Perkiraan irma Mama pusing karena belum makan siang. Jadi irma mengajak beliau makan bersama. Sama seperti irma, Mama pun lebih suka makan kalau ada yang nemenin. Nggak tau kenapa, beda aja rasanya dengan makan sendirian. Meski makanan yang disantap biasa-biasa aja.
”Eh, irma pesan taksi dulu ya.”
Jam empat sore nanti irma akan kembali ke Cibubur pake travel. Karena Bu Isna lagi ke Jakarta jadi irma pesan taksi untuk mengantar irma ke shuttle point di BTC.
Saat menutup telpon irma lihat tangan kanan Mama bergetar hebat. Tangan Mama memang sering gemetar tapi baru kali itu irma lihat sekeras itu.
”Ma, kenapa Ma ?”
Mama tidak menjawab. irma perhatikan lebih seksama, mata Mama terbelalak ke atas, mulut bawahnya miring ke kiri. Sungguh, itu adalah pemandangan paling mengerikan yang pernah irma lihat.
”Allahu Akbar !”
irma pun meloncat mendekati Mama. Badan Mama yang semula bersandar ke lemari di belakang kursinya kini merosot ke kanan. irma segera memeluknya. Badan Mama lunglai jatuh ke dada irma. Mama tak sadarkan diri. Terdengar napasnya seperti orang mendengkur. Keras sekali. Keringat dingin mengucur di kening Mama.

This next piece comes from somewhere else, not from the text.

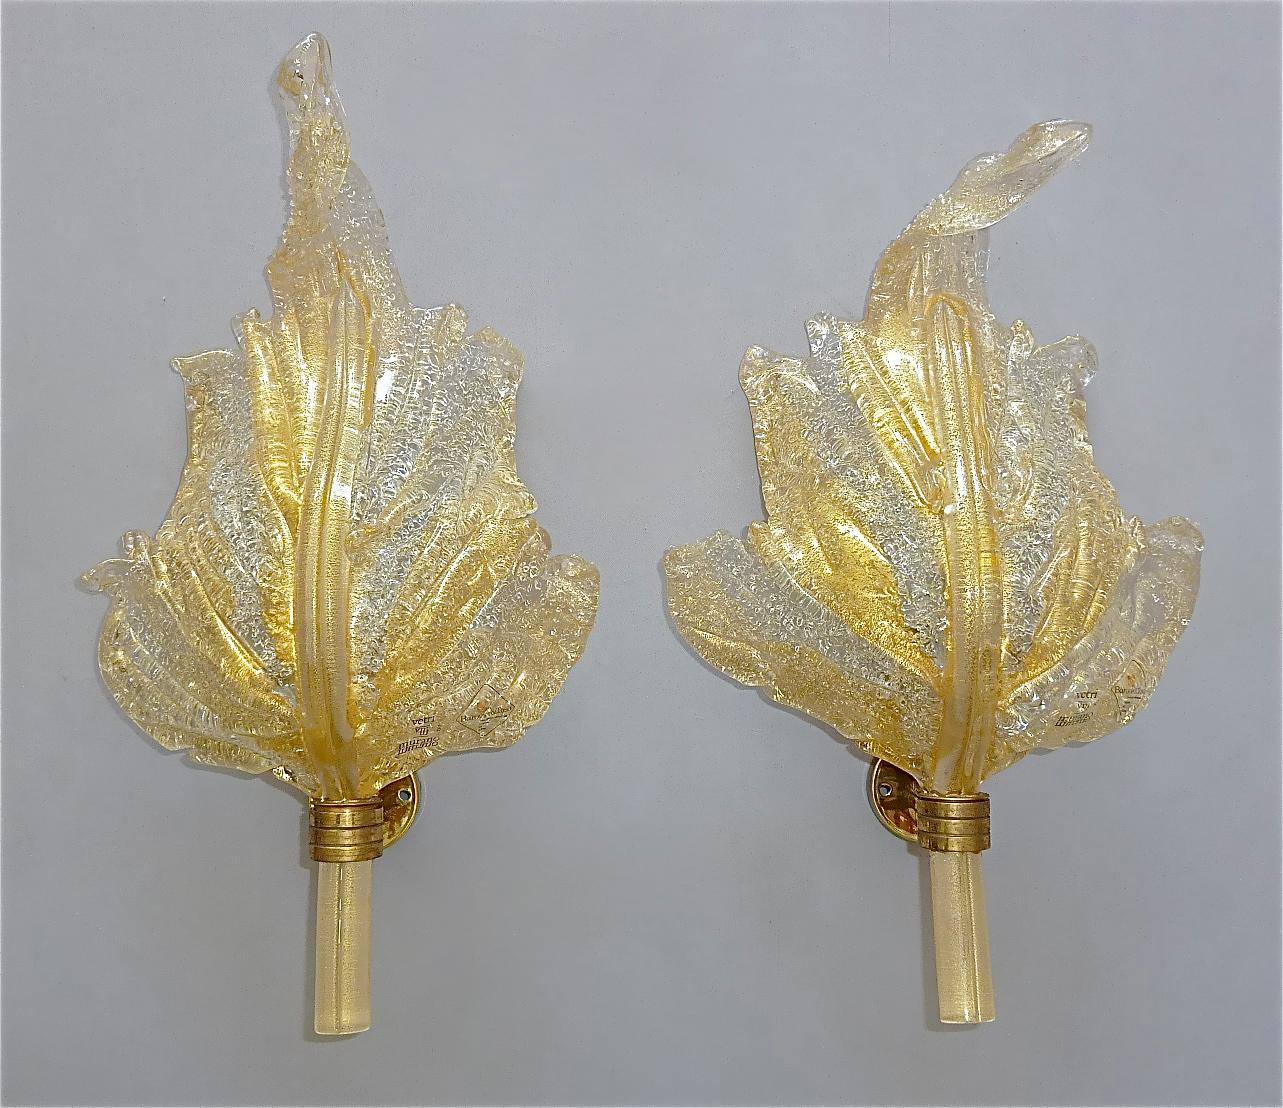 Large Signed Pair Barovier & Toso Leaf Sconces Italian Murano Glass Floral 1970s For Sale 11

Tangan gemetar, mulut mencong, napas mendengkur, irma tau semua itu adalah gejala awal serangan stroke. Sambil memeluk Mama irma terus memanggil-manggil namanya.
”Ma, Mama, Mama. Tahan Ma. Kuat Ma. Mama masih sama irma kan ?”
Mama tidak menjawab. Hrrrkk ... hrrrkk ... dengkuran napasnya makin keras.
Saat itu yang terlintas di benak irma adalah, jangan-jangan ini adalah saat-saat terakhir Mama. Sambil menyeret badan Mama berusaha membawanya ke kamar, irma pun terus mengucapkan nama Allah.
”Allahu Akbar. Allahu Akbar. Allahu Akbar.”
Tapi irma nggak kuat membawa Mama ke kamar. Padahal berat badan Mama cuma setengah berat irma. Akhirnya irma membaringkan Mama di lantai. Meluruskan badannya, lalu menyangga kepalanya dengan lengan kiri irma. Tangan kanan irma mengusap-usap kening Mama. irma menunduk, berbisik di telinganya.
”Allah. Allah. Allah. Allahu Akbar.”
Jika seandainya itu adalah saat-saat terakhir Mama, maka irma ingin kata terakhir yang Mama ucapkan adalah nama Sang Khalik. Semoga Mama bisa mengikuti irma mengucapkannya.
Entah berapa kali nama Allah irma sebut hingga akhirnya irma dengar Mama berkata, ”Astaghfirullah.”
Alhamdulillah. Mama siuman. Dan bukan sekedar siuman karena berikutnya beliau berkata, ”Mama di lantai ya ? Di depan kulkas ?”
Alhamdulillah. Mama masih mengenali tempatnya berada. Stroke itu tidak sampai merusak ingatannya. irma pun memeluk Mama dan menangis.
Sungguh, kali itulah irma merasakan kelegaan yang teramat sangat.
***
Dan kemudian irma menghabiskan sisa hari itu dan malamnya di rumah sakit, menemani Mama berbaring dengan tensi terus meninggi. Memandangi infus menetes pelllaaaannn sekali. Di luar langit berselaput awan. Hujan turun merintik. Alangkah sunyinya Bandung.
It’s really, really, really, a silent night.